On October 29, 2014, he signed with the Brampton Beast. He played one season with the team before being traded to the Wheeling Nailers on December 2, 2015, in exchange for future considerations. After finishing the season leading all ECHL defensemen with 43 assists, 54 points, 21 power-play assists, 24 power-play points and 227 shots on goal he was named to the All-ECHL First Team and ECHL Defenseman of the Year.

After playing in the ECHL for three seasons, Maione moved overseas to play with HC '05 Banská Bystrica in Slovakia. Following the 2016–17 season, he then moved to Finland to play with KalPa in the Finnish Liiga. After one season, he joined Dinamo Riga in the Kontinental Hockey League (KHL). Maione enjoyed a successful debut in the KHL with Riga in the 2018–19 season. He was named to the All-Star Game and led all Dinamo defenseman in scoring with 46 points in 58 games.

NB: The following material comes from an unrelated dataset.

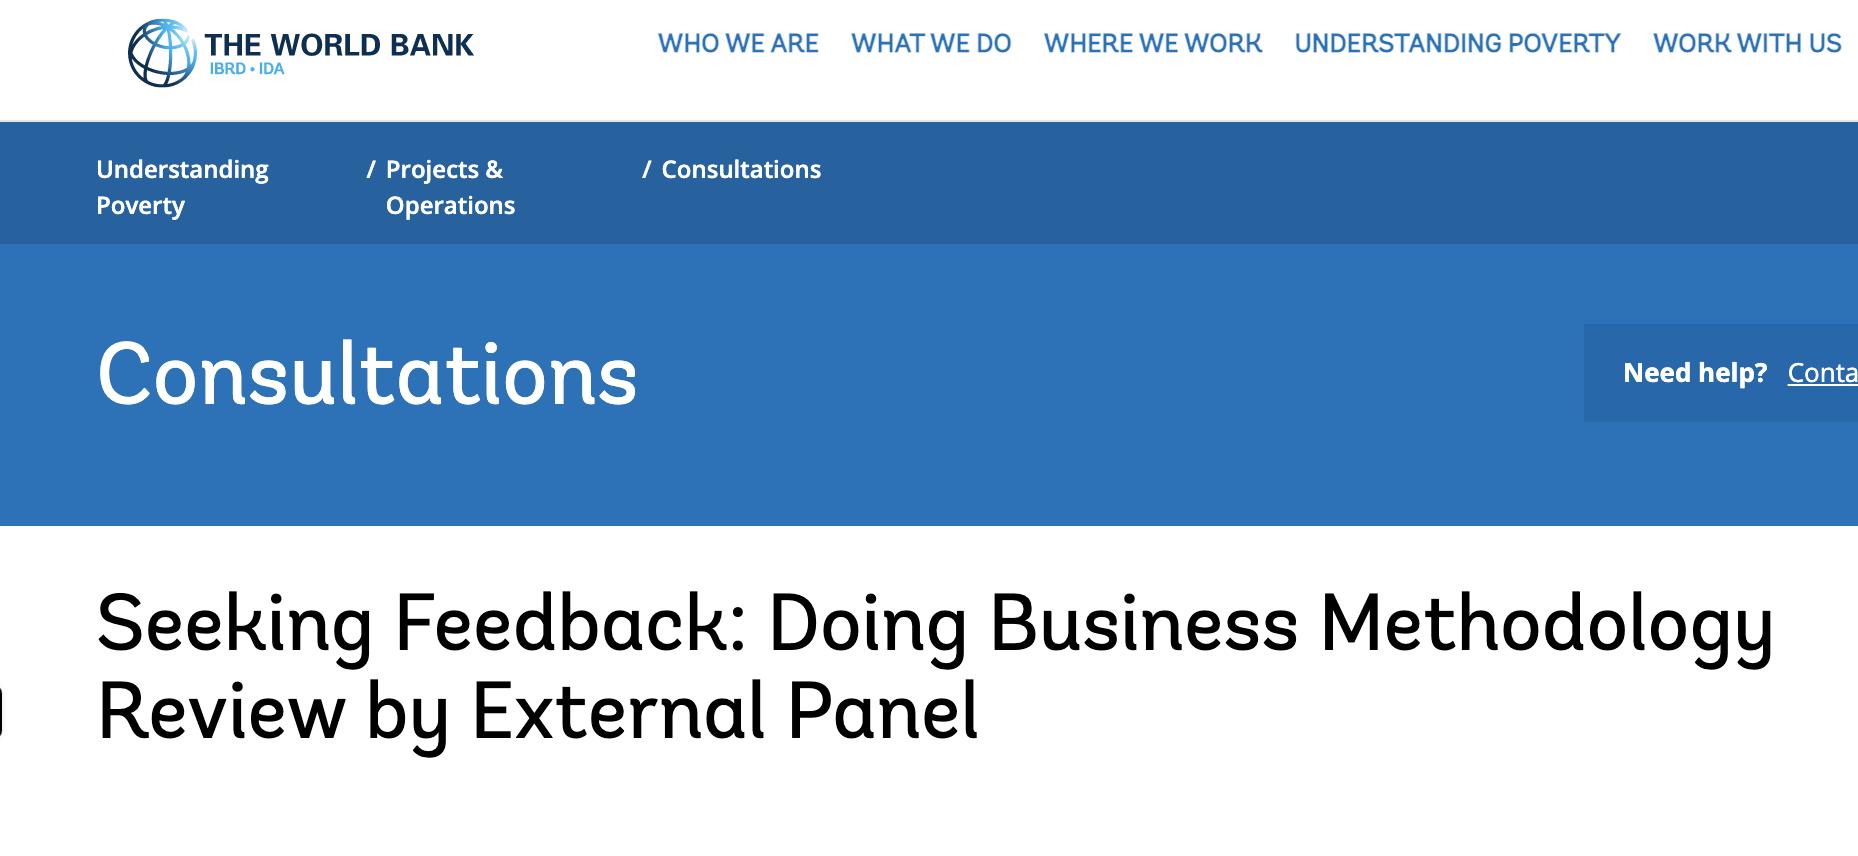 World Bank Consultation Image

On May 8, 2019, he signed an improved contract to continue in the KHL, agreeing to terms on a one-year deal with Chinese entrant, Kunlun Red Star. He only played 16 games for them however and then a brief stint in Dinamo Minsk before returning to Dinamo Riga where he also spent most of the following season before being transferred to EHC München of the DEL in Germany.
He then spent the next season playing for HC Bolzano in Italy before returning to Germany to play the 2022-2023 season for Bietigheim Steelers of the DEL.

During the 2023-2024 season he played for the Swedish club AIK of Hockeyallsvenskan and then signed a two-year contract with Björklöven from Umeå of the same league.